- Born: Glens Falls, New York
- Occupation: Escape artist
- Spouse: Kevin Ridgeway

= Kristen Johnson =

U.S. American escape artist

Kristen Johnson is an American escape artist who works with her husband, magician Kevin Ridgeway, under the names Living Illusions, Ridgeway & Johnson, and Breathless. She was the featured magician on the cover of the June 2009 issue of the magicians' magazine The Linking Ring.

==Early life==
Johnson was born in Glens Falls, New York, and grew up in Carmel, Indiana. Her mother, Sunny Johnson, was also a performer best known for her work as a clown. Sunny was featured on the front cover of The Linking Ring magazine in March 2002 and still lives in Carmel, where she owns a clowning supply company. Johnson began learning magic when she was a teenager and used it to earn money to pay for college.

==Performing career==
Johnson and her husband Kevin Ridgeway are Christians and, under the name Living Illusions, built up a reputation as performers specializing in faith based events such as the Will Graham Celebration with evangelist Billy Graham's grandson in May 2008. In 2007, they launched a full-length touring theater show under the name Breathless, which has played across the United States.

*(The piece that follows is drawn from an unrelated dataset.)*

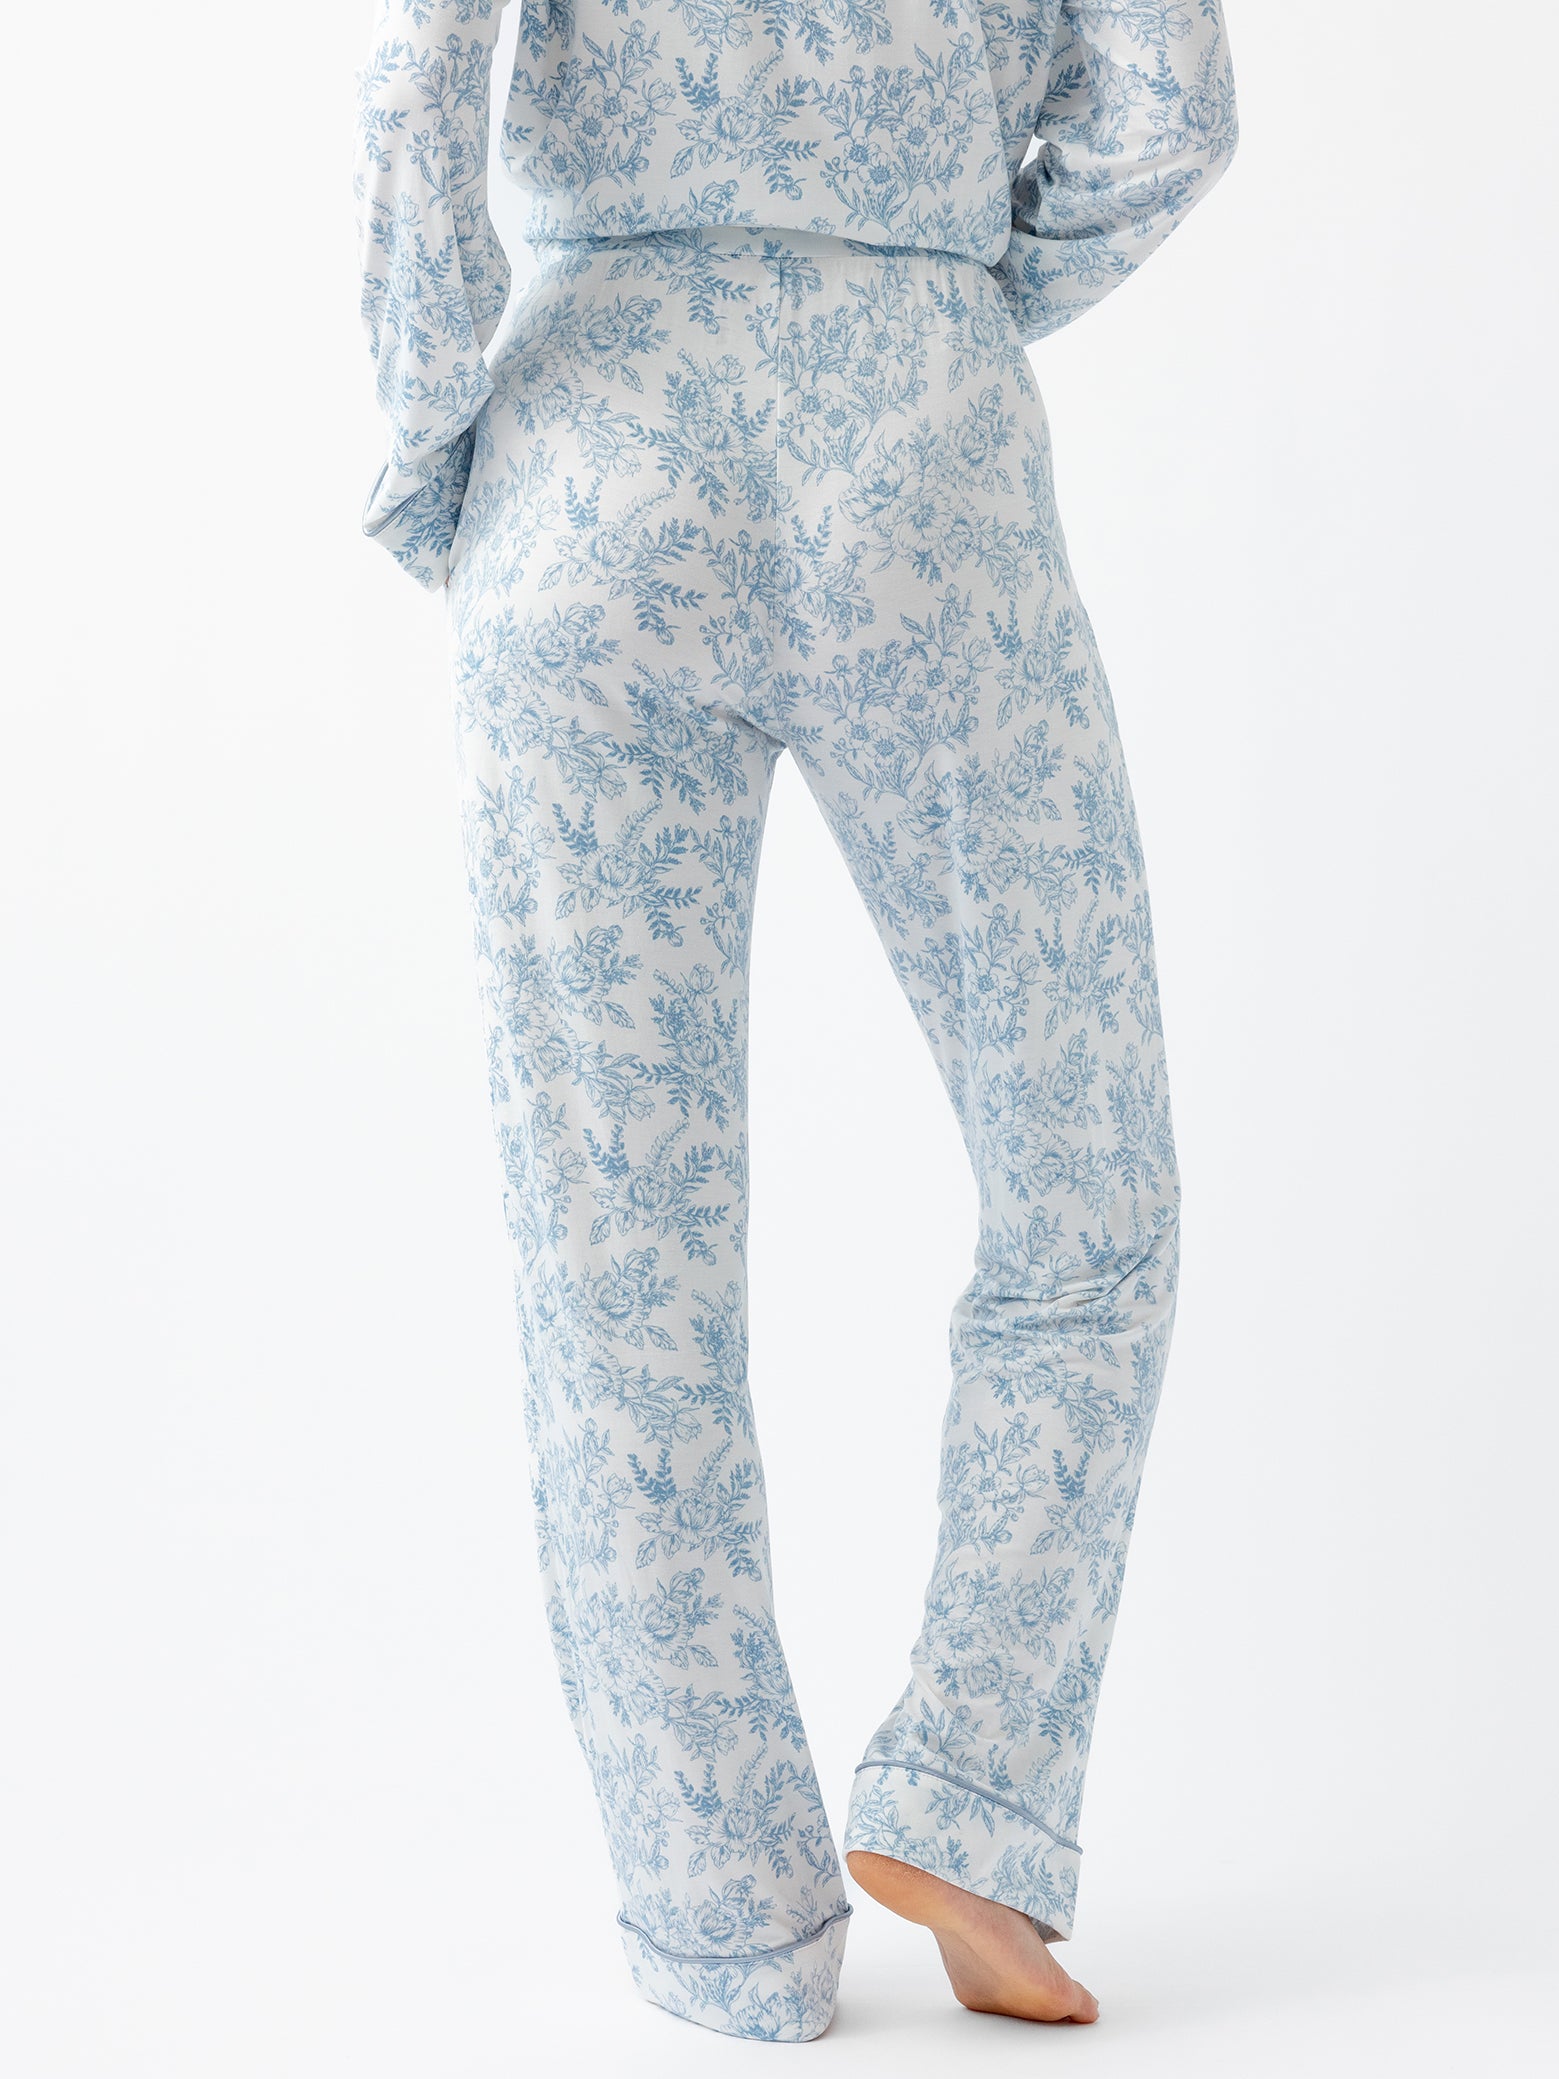 Back of woman in blue toile pajama pants

Johnson's signature escape is the Full View Water Torture Cell, in which she is chained up and locked inside a water filled tank from which she escapes in full view of the audience. The full view aspect differentiates it from Houdini's Chinese Water Torture Cell escape, which required a curtain to be drawn to obscure him from the audience while he escaped. She performed the original version of the stunt as part of the Worldwide Escape Artist's Relay in 2005, which was an attempt to set a world record for the largest number of escapes performed in a day.

Full View Water Torture Cell

On October 29, 2006, during the 4th Annual International Escape Convention, Johnson was presented with The Masters Award by Thomas Blacke of Escape Masters magazine. She performed a new version of her Full View Water Torture Cell, making her one of only two artists to have performed at the first four international escape artist conventions that had been held.

Johnson's water cell stunt requires her to hold her breath while she picks up a series of locks that fasten chains and secure the lid of the cell. She averages 2 minutes and 48 seconds underwater on one breath. However, she has occasionally taken up to 3 minutes and 18 seconds to free herself. The longest time she has ever held her breath is 5 minutes and 2 seconds. She ends her shows with this escape and has performed it as often as 30 times in ten days. She offers a $10,000 challenge to anyone who can prove that she takes a second breath, uses an underwater breathing apparatus or a key once she has dropped below the water.

==Accident==
On January 16, 2009, while performing her water torture cell escape during the halftime show of a basketball game between the Detroit Pistons and the Oklahoma City Thunder, Johnson lost consciousness while attempting to open the top of the cell. She had to be quickly rescued by assistants. A week later, she successfully performed her water torture cell escape at the Ford Park Event Center in Beaumont, Texas. This was her 600th performance of the escape.